What you say is true. However Linus has ideals too. In TFA he says "the point of the GPL is not the 'convert the infidels' logic, but something totally different: 'quid pro quo.' "
The GPL 3 is anti-DRM in a big way, and Linus doesn't agree with that, fair enough. However another aspect of it is to prevent someone from taking GPL code, and designing a hardware/software combo that will only run using unmodified versions of the code. In such an instance, they use GPL code, but their modifications are useless to the rest of the world because we can't modify their version and run it on the device. Basically they break Linus' "quid pro quo" rule. Thus part of what GPL 3 is trying to do is exactly what Linus says he believes in.
I personally think the GPL 3, as it stands, needs some revisions before being finalized. Linus is a smart man and has pointed out one of the very real problems with the current draft. But to suggest that Linus is just an engineer, with no ideological concerns whatsoever is not quite right. He's not the zealot that RMS is, but he still has (legitimate) moral concerns (otherwise he wouldn't care what license gets used). As should we all, frankly.
Scenario A:
Alan signs a Linux binary with his private key "A". He makes available public key "a". Many Linux installations are set to refuse to run binarys which are not signed to match one of the public keys they have in their "trusted keys" file, which typically include Alan's key "a". I can run a modified binary as follows: Create my own key pair "C" and "c". Add public key "c" to my trusted keys file. Modify, compile the program, sign the binary with "C". The program now runs.
Scenario B:
BadCorp's box has DRM-like hardware which refuses to run any code not signed by BadCorp's private key B. They use a modified, signed copy of Linux as the OS. They make available the source of their modifications (which are pretty much specific to their hardware) but nobody else can modify the kernel running on a BadCorp box because they don't have key B.
I think scenario B is what the GPL v3 language is trying to forbid, and scenario A is why GPL v3 doesn't require Alan's private key to be released. However, I'm not sure what happens in
Scenario C:
BadCorp produce a box which won't run unsigned code, and which only they can add keys to the trusted keys file. DastardlyCorp produce modified GPL programs for the BadCorp box, sign the binaries with key "D" and pay BadCorp to add key "d" to the trusted keys file. DastardlyCorp won't release key "D" - "It's our private key. Get BadCorp to add your key to the box if you want to modify stuff. It is their fault, not ours, that you can't run on their box." BadCorp says "Only if you pay us money.
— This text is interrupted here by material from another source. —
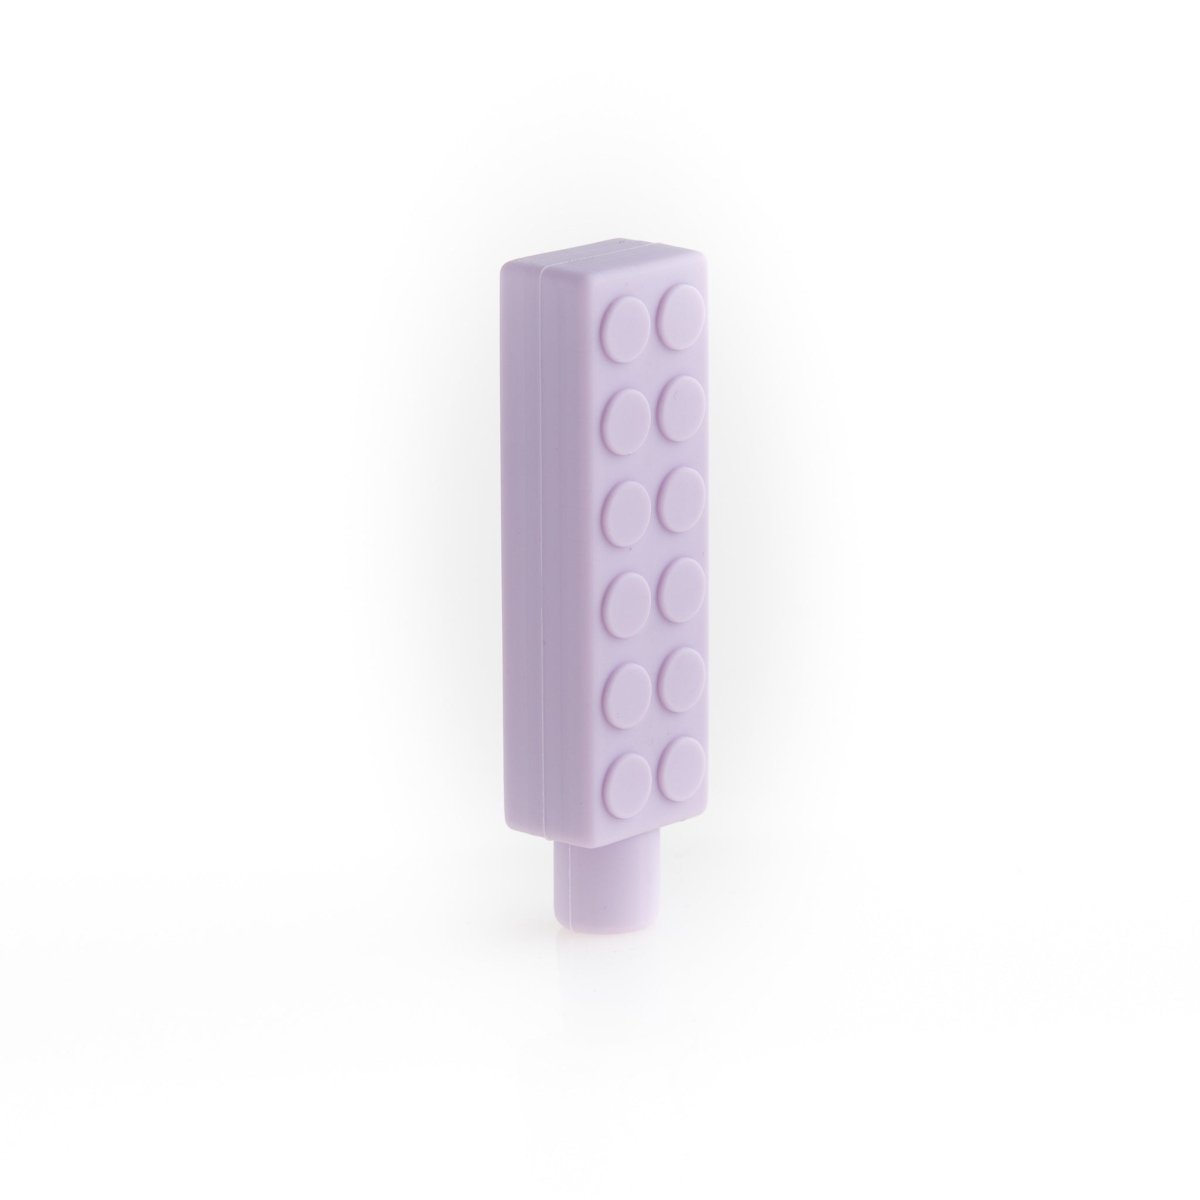 Silicone Teethers and Pendants Chewable Pencil Topper Lilac from Cara & Co Craft Supply

We aren't bound by the the GPL - we don't release any GPLed software." (And BadCorp and DastardlyCorp just happen to be owned by the same people.)
Scenario D:
As above, but BadCorp unilaterally add Alan's key "a" to the trusted keys list. Now Alan can recompile for the BadCorp box, but other people can't - but Alan did not want this situation to be.
How can the license force DastardlyCorp to release their key in scenario C, but not force Alan to release in scenario D?
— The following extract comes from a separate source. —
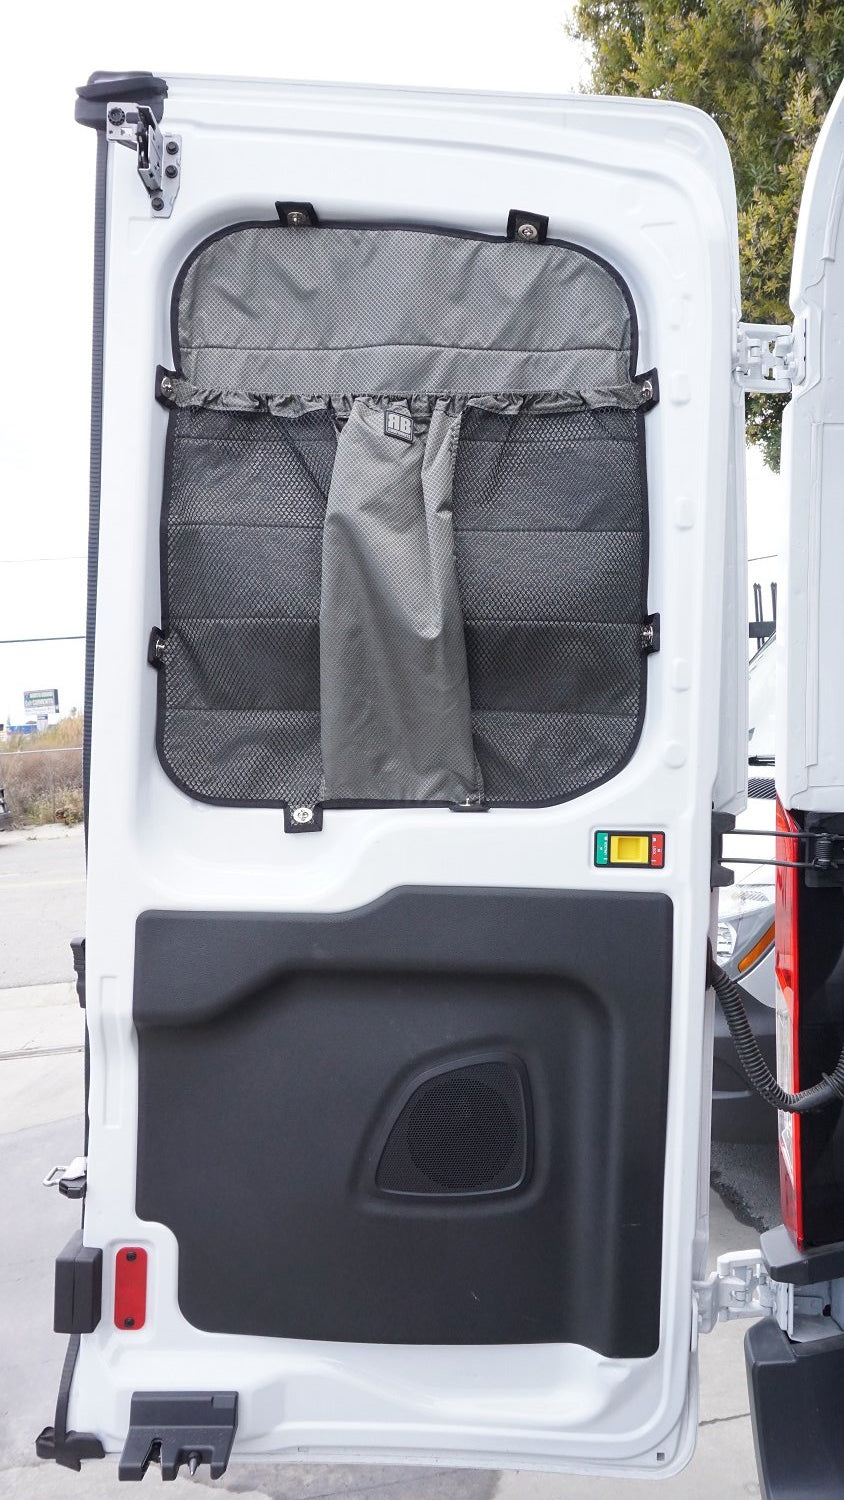 2014 + Transit  Van Rear Window Covers with Stuff Bags

Disclaimer - I am not a lawyer, I have not followed this controversy closely. Better informed comment is invited.
Quattuor res in hoc mundo sanctae sunt: libri, liberi, libertas et liberalitas.
So GPLV3 effectively prevents digital signatures from being used to determine if a binary may be from a source the user trusts!
No it doesn't. You can provide a digital signature that verifies that binary is from 'Bluehat' without the signature being required to run the binary.
The key difference here is that the former informs the user who is then free to make a decision about whether they want to trust a non-'Bluehat' binary, and the latter tells the consumeruser he isn't allowed to run a binary that's not from 'Bluehat'.